This was the same area that my mom had grown up in both before and after the War—
long before the current boon of highrises and sky scrappers.
She and my aunt would make their way along the same sidewalk we were passing,
on their to school each day.

My dad and mom’s houses still stand on a nearby small side street.

We had made our loop and were headed home when we stopped for a red light at the large
intersection between Lenox and Phipps Malls.
There are probably 6 lanes of traffic here and it is a very busy
and a very congested area.

Suddenly, in the dark, a team of young black boys popped up on both sides of our vehicle
bamming on the windows holding up bottles of water.

My son was so taken off guard, it scared him to death.
Both my daughter-in-law and I were familiar with these “waterboys”
as we’d each encountered them…albeit in broad daylight where things
are more readily seen.

These kids had on dark clothing, the street lighting was minimal at best and they
were more than reckless as they darted in and out of the moving traffic.
Traffic that most likely did not even see them…before it would be too
late and potentially deadly.

My son kept motioning to the boys to move on as we weren’t interested in buying water
at 9 PM on a Friday night. He kept repeating through the rolled-up window
“No buddy, no thank you”…
I was in the back seat sandwiched in-between both kids in their car seats when
one of the boys tried opening the door where my 14th-month-old grandson sat.

What would have happened had the doors been unlocked?

Thankfully the light turned green and the kids quickly moved on to the car behind us as
we made a hasty retreat.

My son was so disturbed and shook up because he knew that he could have easily run over
one of the boys as they did not care that they were weaving in front of and
in between moving vehicles.

I told him that they do the same thing near the airport but I’ve only encountered them
during daylight hours.

Once home he did a little investigating and discovered that these waterboys
are also known as ‘Atlanta’s yummies’.
They are kids that gang handlers put out on the streets to see what they can hustle while
also peddling water.

Atlanta’s mayor, Keisha Lance Bottoms has made it known that she feels that these kids
are just trying to make a few dollars in order to make ends meet at home.
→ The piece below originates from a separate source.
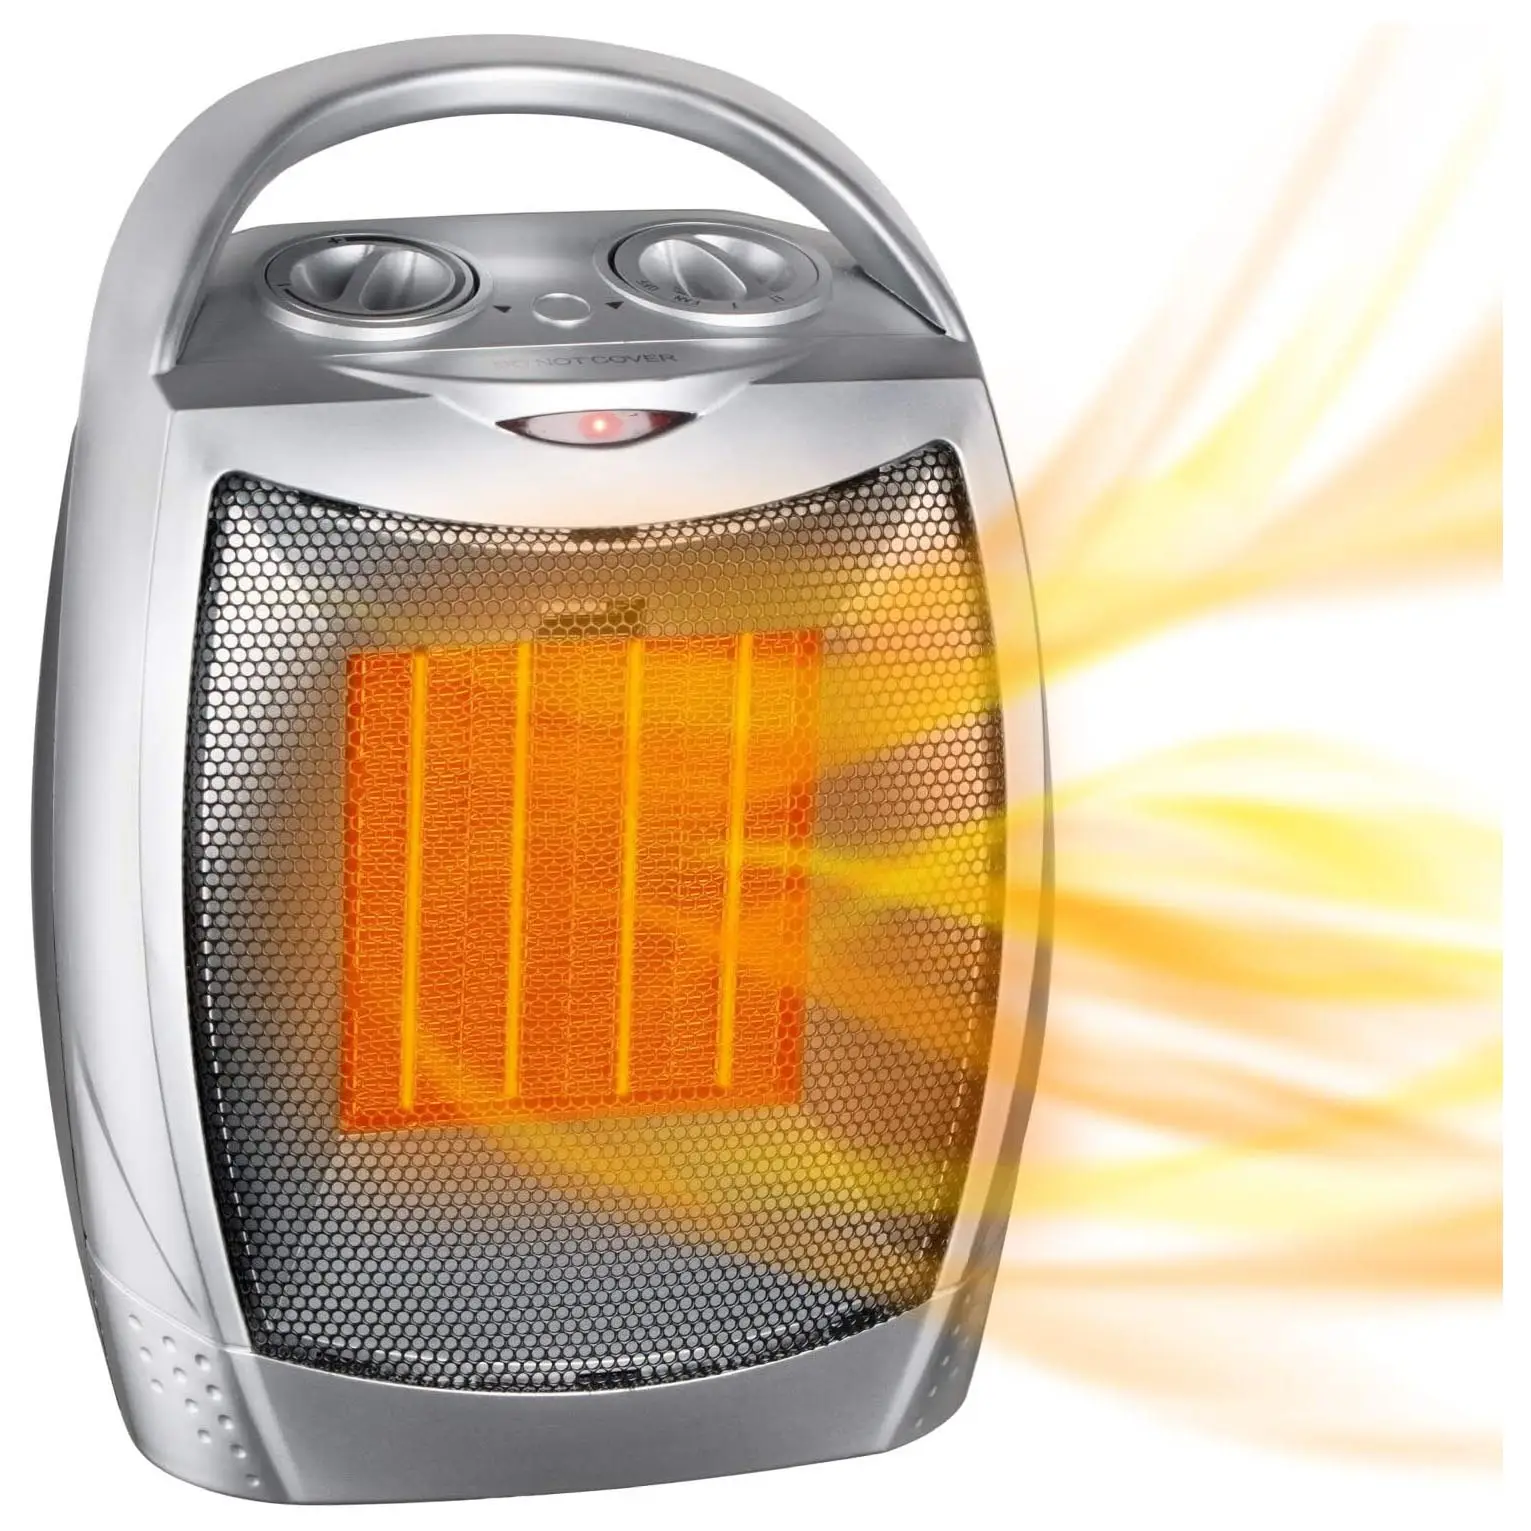 Chauffage électrique Portable avec Thermostat, ventilateur de chauffage en céramique sûr et silencieux de 1500W/750W, chauffe jusqu'à 200 pieds carrés pour le bureau

“Youthful entrepreneurs”, she calls them.

Entrepreneurs my foot!

This is not some sort of lemonade stand.

Just days following our incident, a motorist was gunned down by one of these boys
for refusing to buy water.

And so now we have this most recent story about the woman who was robbed and
carjacked by these “waterboys”

There have been stories of the trash and mess the boys leave behind on various street corners.
The fact that many of the bottles are simply used bottles and refilled.
And so when police officers attempted to round up the boys, the Mayor put a stop to it
as she proclaimed these are kids trying to make a buck.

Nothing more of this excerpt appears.